The ternary complex of DnaA–DnaD interaction was further investigated using ssDNA (5’-GTTATTGCTC) in 8-fold excess. The addition of ssDNA to the experiment produced poorer quality HSQC spectra, independently of the addition or not of DnaA domain I, with weaker and broadened peaks displaying increased overlap between backbone amide residues (Supplementary Figure S8). In particular, peaks corresponding to the unstructured C-terminal region of the domain were affected, and consequently certain amide resonances were excluded from the CSP analysis. Despite the poorer spectral resolution, two clusters of residues were observed; Tyr130, Ile132, Phe133 and Glu134 located on helix α1, and residues His165, Glu169 and Val171 in helix α3 (Figure 3C, D). These are very similar to the residues identified in the equivalent CSP analysis in the absence of ssDNA (compare Figures 2C, D with 3C, D).

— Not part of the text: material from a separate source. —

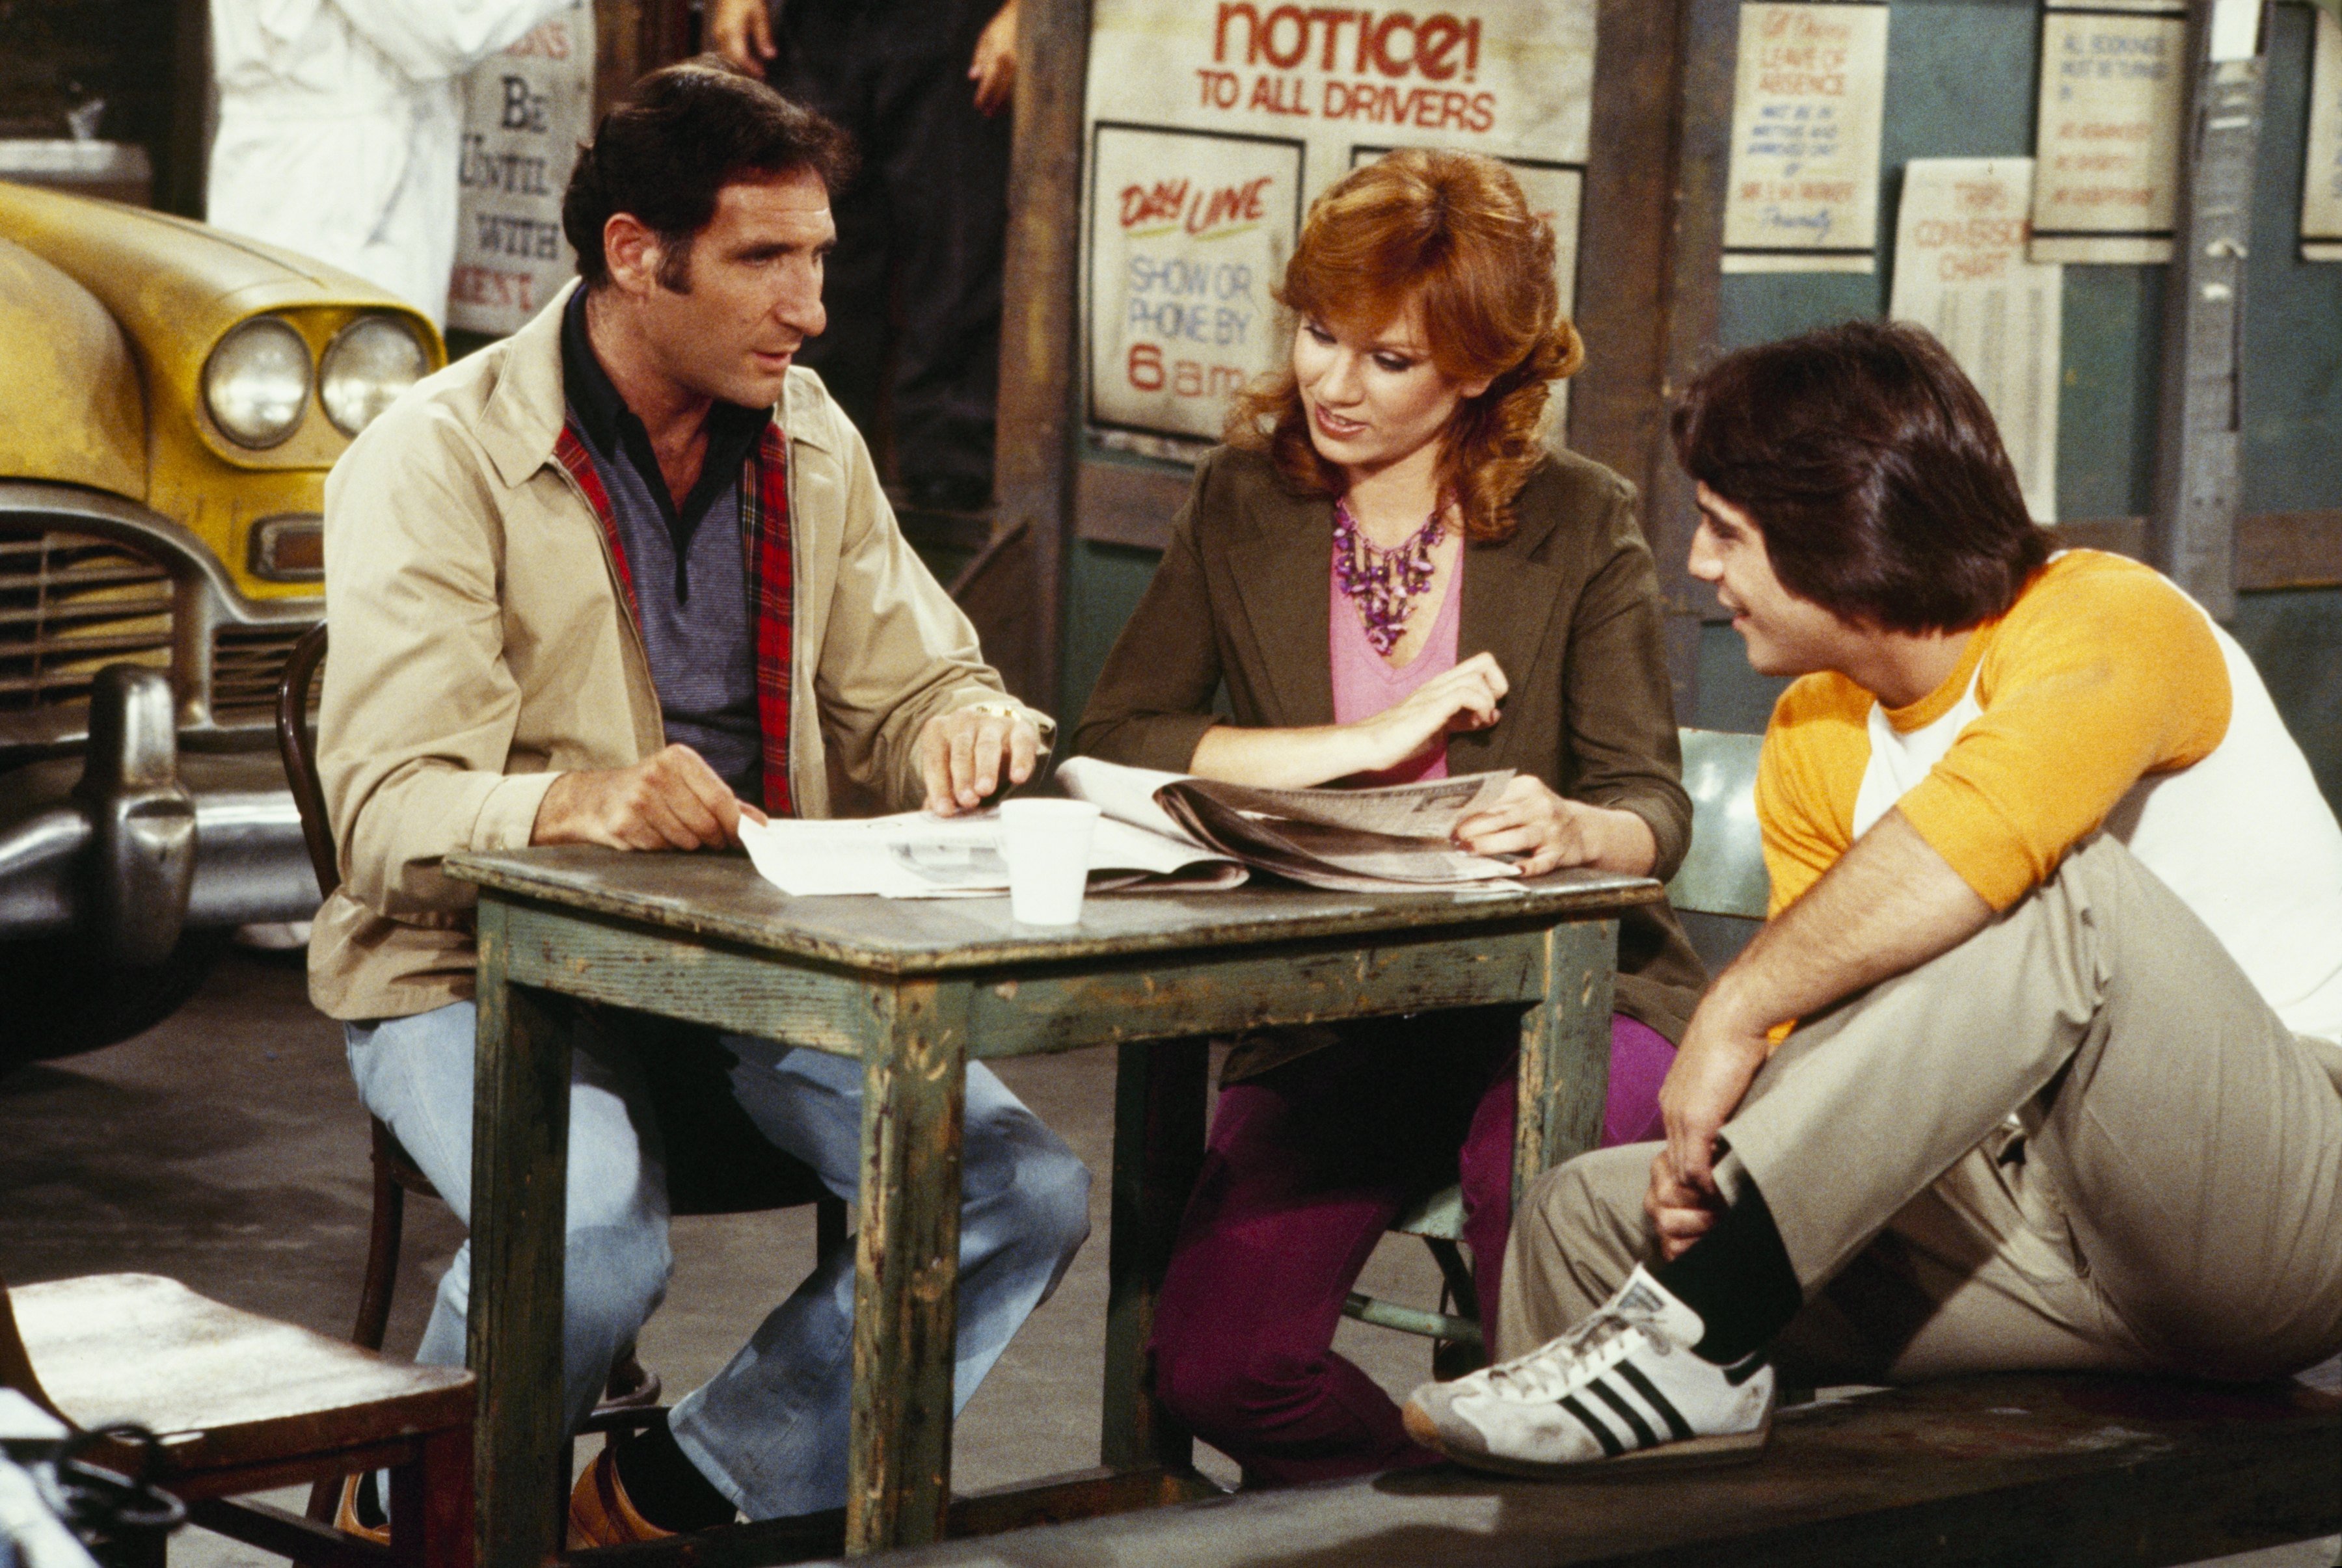 Judd Hirsch, Marilu Henner, and Tony Danza in a scene from 'Taxi,' 1979

A model of the DnaA NTD-DnaD DDBH2 complex

The structure of B. subtilis DnaA domain I was solved by X-ray crystallography (15) but the DnaD DDBH2 domain has a largely unstructured C-terminus rendering the DnaA domain I-DnaD DDBH2 complex unsuitable for structure determination using this technique. Instead, HADDOCK 2.2 was used to computationally model the interaction interface using the CSP effects as restraints (see Methods).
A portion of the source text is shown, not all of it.